By Jennifer Maloney Wall Street Journal
Museum officials provide a first look at the “We Remember” exhibit.
When the 9/11 Memorial Museum opens next year, its first exhibit will be spare and elegant, enveloping visitors with the personal accounts of people from around the world describing where they were, and what they felt, on September 11, 2001.
Visitors will step through a collage of voices, speaking together in many languages: “I was in Honolulu, Hawaii.” “I was in Cairo, Egypt.” “On the Champs-Élysées in Paris.” “São Paulo, Brazil.” Panels will display maps fashioned from their words. “So angry.” “So alone and lost.” “Impossible, impossible, impossible.”

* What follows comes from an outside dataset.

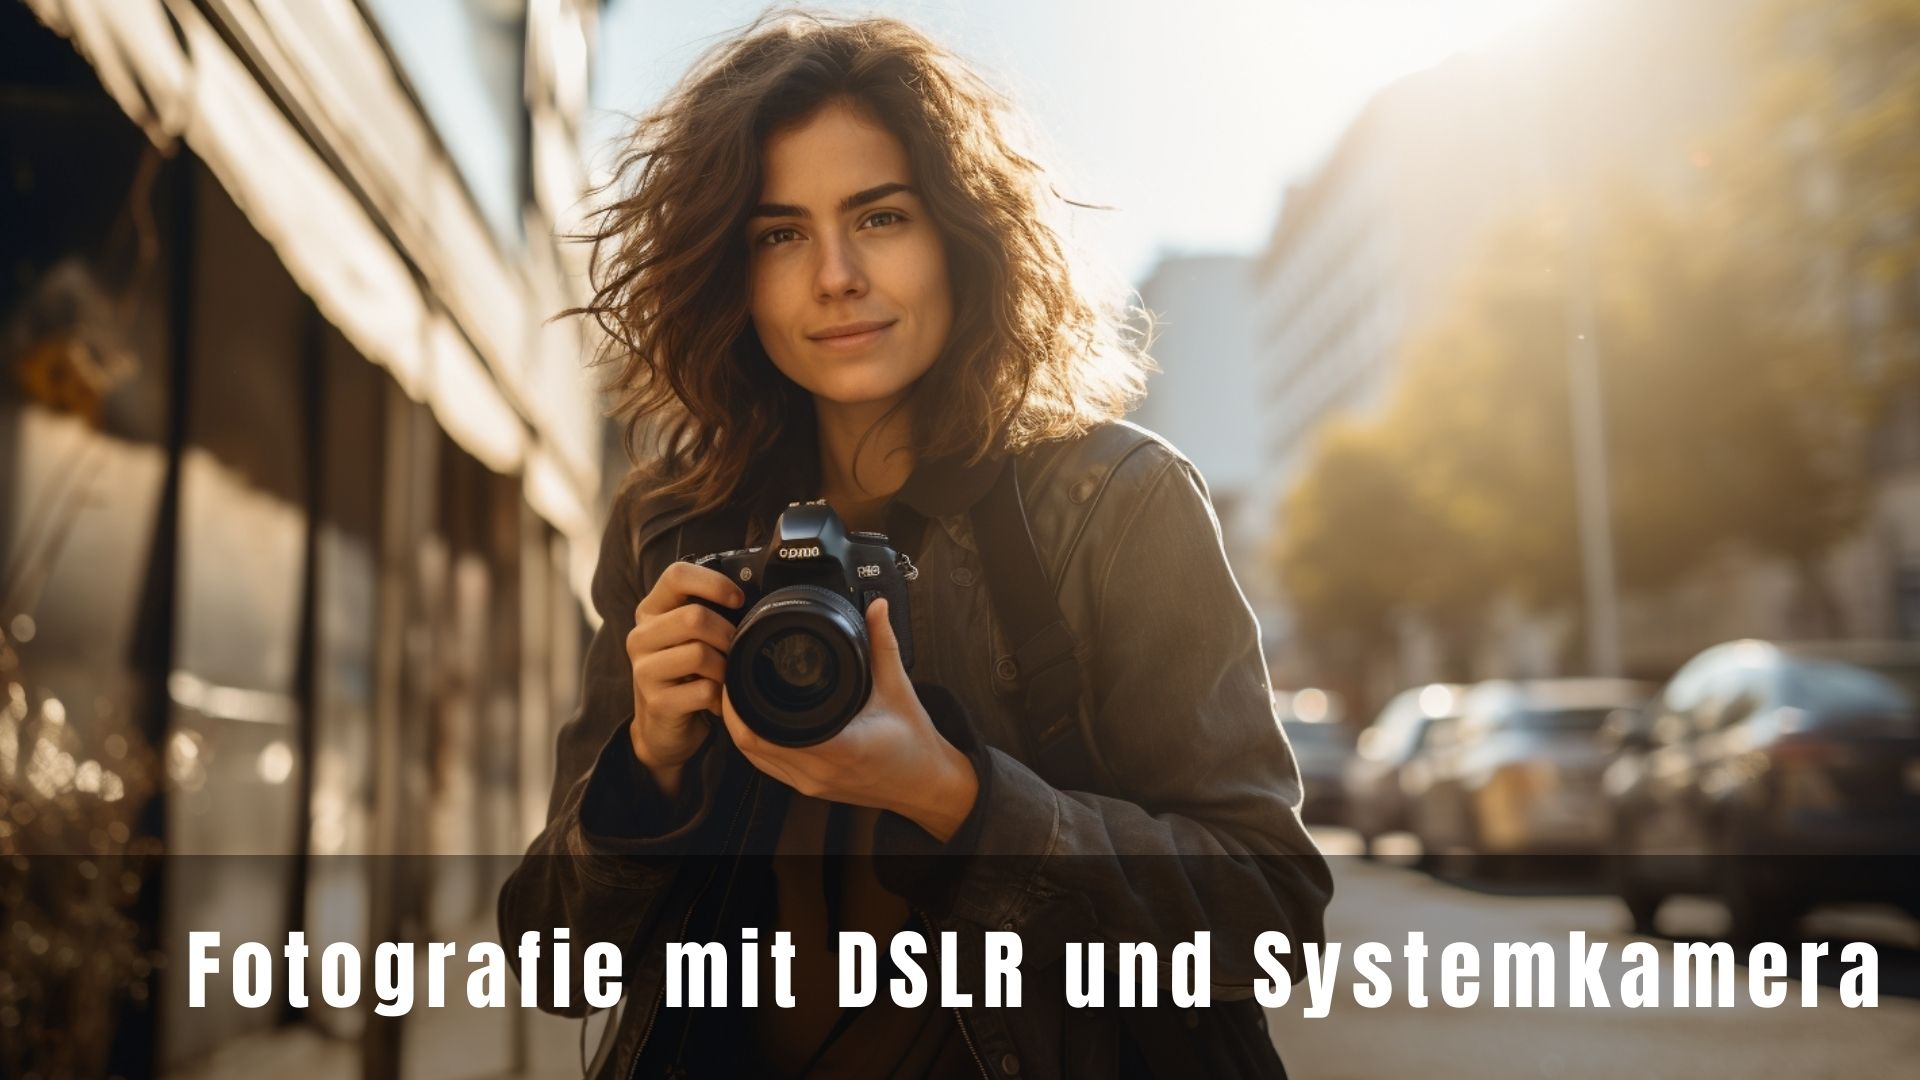 Fotografie mit DSLR und Systemkamera | Onlineworkshop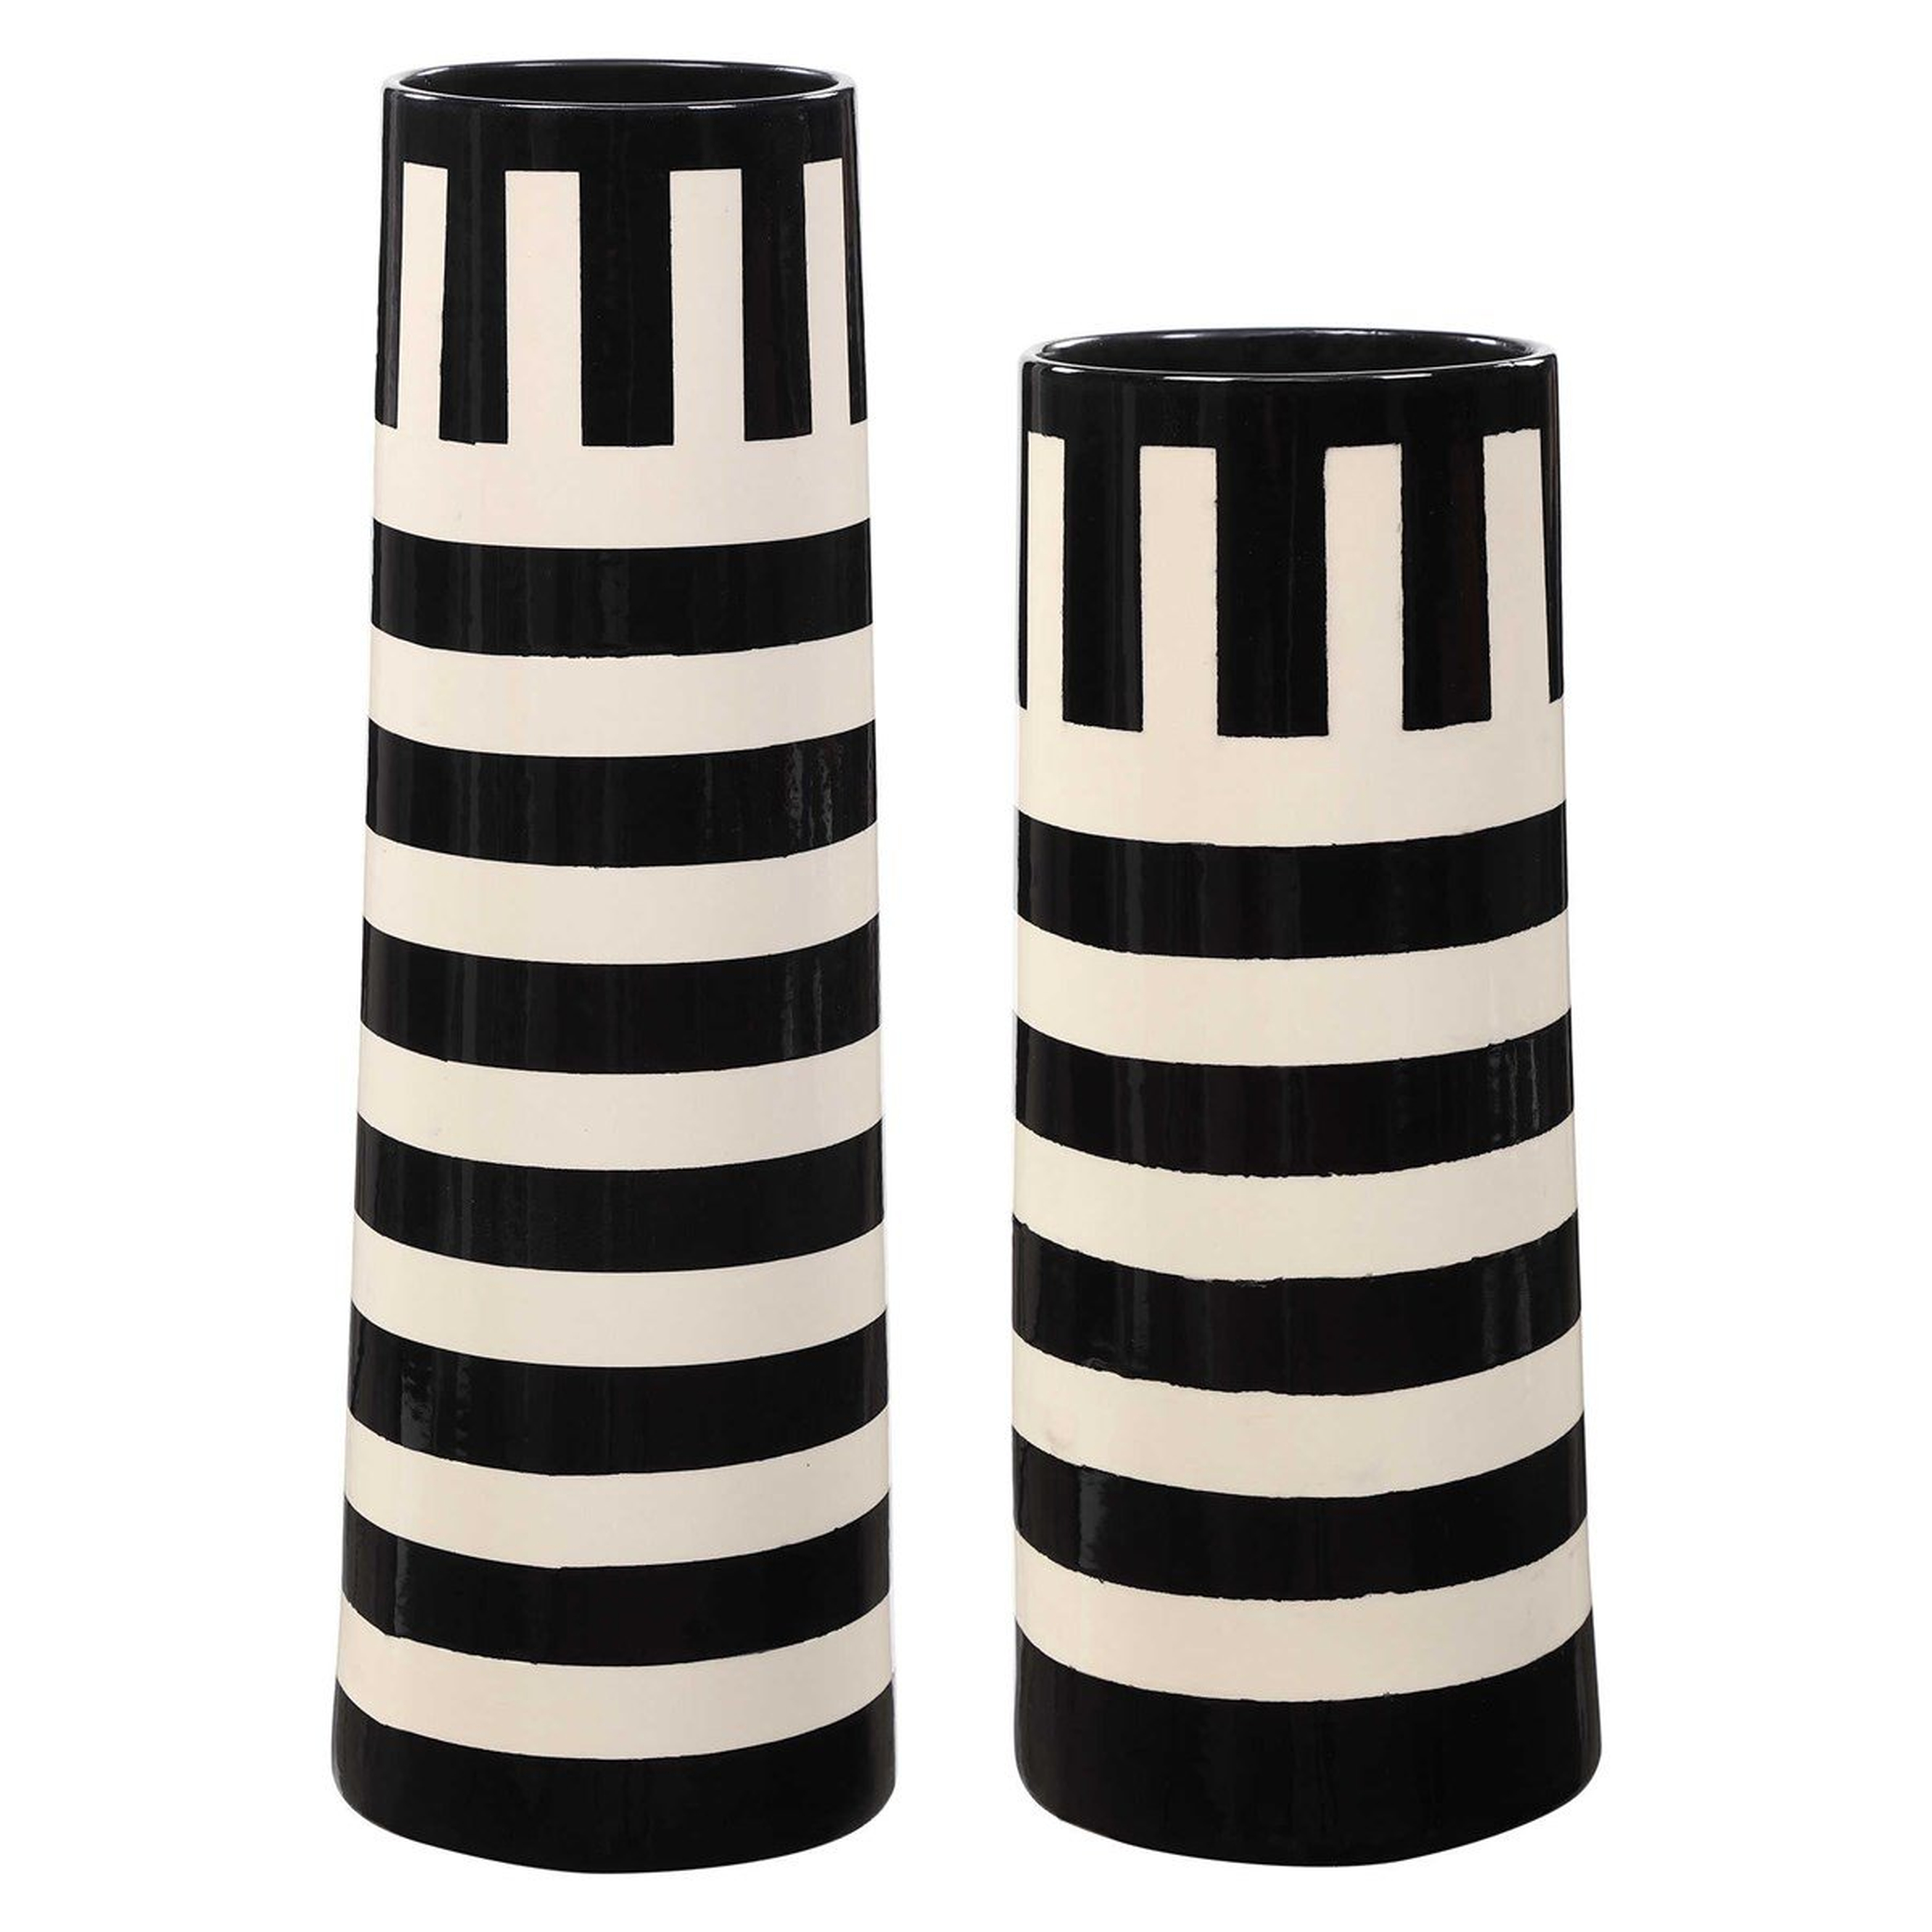 Amhara Vases, Black & White, Set of 2 - Hudsonhill Foundry

The collage suggests everyone has a story to tell about that day, even those thousands of miles away from New York. It is the brainchild of Local Projects, a New York design firm that is bringing high-tech, immersive and interactive exhibits to museums and other public spaces across the country.
Local Projects was a collaborator on the algorithm that arranged the names at the 9/11 Memorial, and developed a new interactive exhibit at the Cleveland Museum of Art, which uses 3-D sensors and facial detection so visitors can mimic the pose of a statue or summon an artwork by displaying a facial expression.
Now, the firm’s founder, Jake Barton, is working on a range of projects in New York, from multimedia displays for the 9/11 Memorial Museum to kits for the New York Hall of Science that will turn playgrounds into physics labs.
He is developing interactive exhibits for a planned children’s museum in Harlem, the Sugar Hill Children’s Museum of Art and Storytelling, that will allow kids to archive their art and stories as they come back year after year. And he has proposed an idea for a renovated lobby at the New Victory Theater that would allow visitors to record their own stories of the first time they saw a play.
The designers of the 9/11 Memorial Museum grappled with how to make a museum that speaks both to teenagers who were children at the time of the attacks and to people who ran from the burning towers, Mr. Barton said. The answer, he said: “Have the stories of one group talk to the other group.”
Mr. Barton, who is 40 years old, started out wanting to work as a set designer on Broadway. He worked for a set designer on shows in New York and elsewhere, then toyed with the idea of becoming a doctor. But a day job at a museum exhibition design firm made him realize, he said, that “I didn’t need to be a doctor to make the world a better place.” He enrolled in New York University’s Interactive Telecommunications Program, where he earned a master’s degree in computer science and art. He founded Local Projects before he graduated, in 2002. The firm employs 30 people.
Mr. Barton’s knack for using technology in the service of story-telling is what drew the museum to his firm, said Alice Greenwald, the 9/11 museum’s director.
“It is fundamentally, as Jake said, about human beings communicating with other human beings,” she said. “To me, that’s what this museum is about.”
In addition to “We Remember,” the first exhibit visitors will pass through, Local Projects has designed audiovisual displays exploring the experiences of those who were inside the towers when the planes struck; first responders who ran into the towers; and recovery workers who toiled for months on the pile, searching first for survivors and then for human remains.
Museum officials said that for the opening exhibit, they didn’t want to present a single, authoritative voice of a curator or historian but rather acknowledge that events of September 11 were witnessed by millions of people around the globe who watched the repeated broadcasts of the footage on television. “We’re simply saying, ‘We know you know,'” Ms. Greenwald said.
Instead of telling visitors what happened that day, the museum is designed to help visitors explore their own memories and make sense of the events and their global consequences.
Mr. Barton said he hopes the museum will help visitors grapple with difficult questions: “How has the world changed? What have we learned?”
The exhibits will evolve over time, he said. The National September 11 Memorial & Museum continues to gather 9/11 stories through a toll-free number.
One intensely emotional presentation will play a montage of voices of people who were inside the World Trade Center when the planes hit. They describe the smoke, the chaos, their attempts to escape. The voice collage includes recordings of 911 calls and voicemail recordings left for friends and family, used with permission.
For another display, Mr. Barton proposed projecting footage of the recovery effort onto a piece of steel from the facade of the World Trade Center shaped like a trident.
Ms. Greenwald was initially skeptical. But she and other museum officials in 2010 trekked out to a hangar at John F. Kennedy International Airport, where the steel was housed, to see a mock-up of his idea.
The trident lay flat. Onto it, Mr. Barton’s team projected footage of bucket lines at Ground Zero shot by the U.S. Department of Labor. Layered over the footage was a radio interview with a sculptor explaining that he volunteered because he knew how to use a blow torch. “It was almost as if, for me, that the steel was telling its own story,” Ms. Greenwald said.
A version of this article appeared April 9, 2013, on page A17 in the U.S. edition of The Wall Street Journal, with the headline: “9/11 Museum Exhibits Will Really Talk to Visitors”.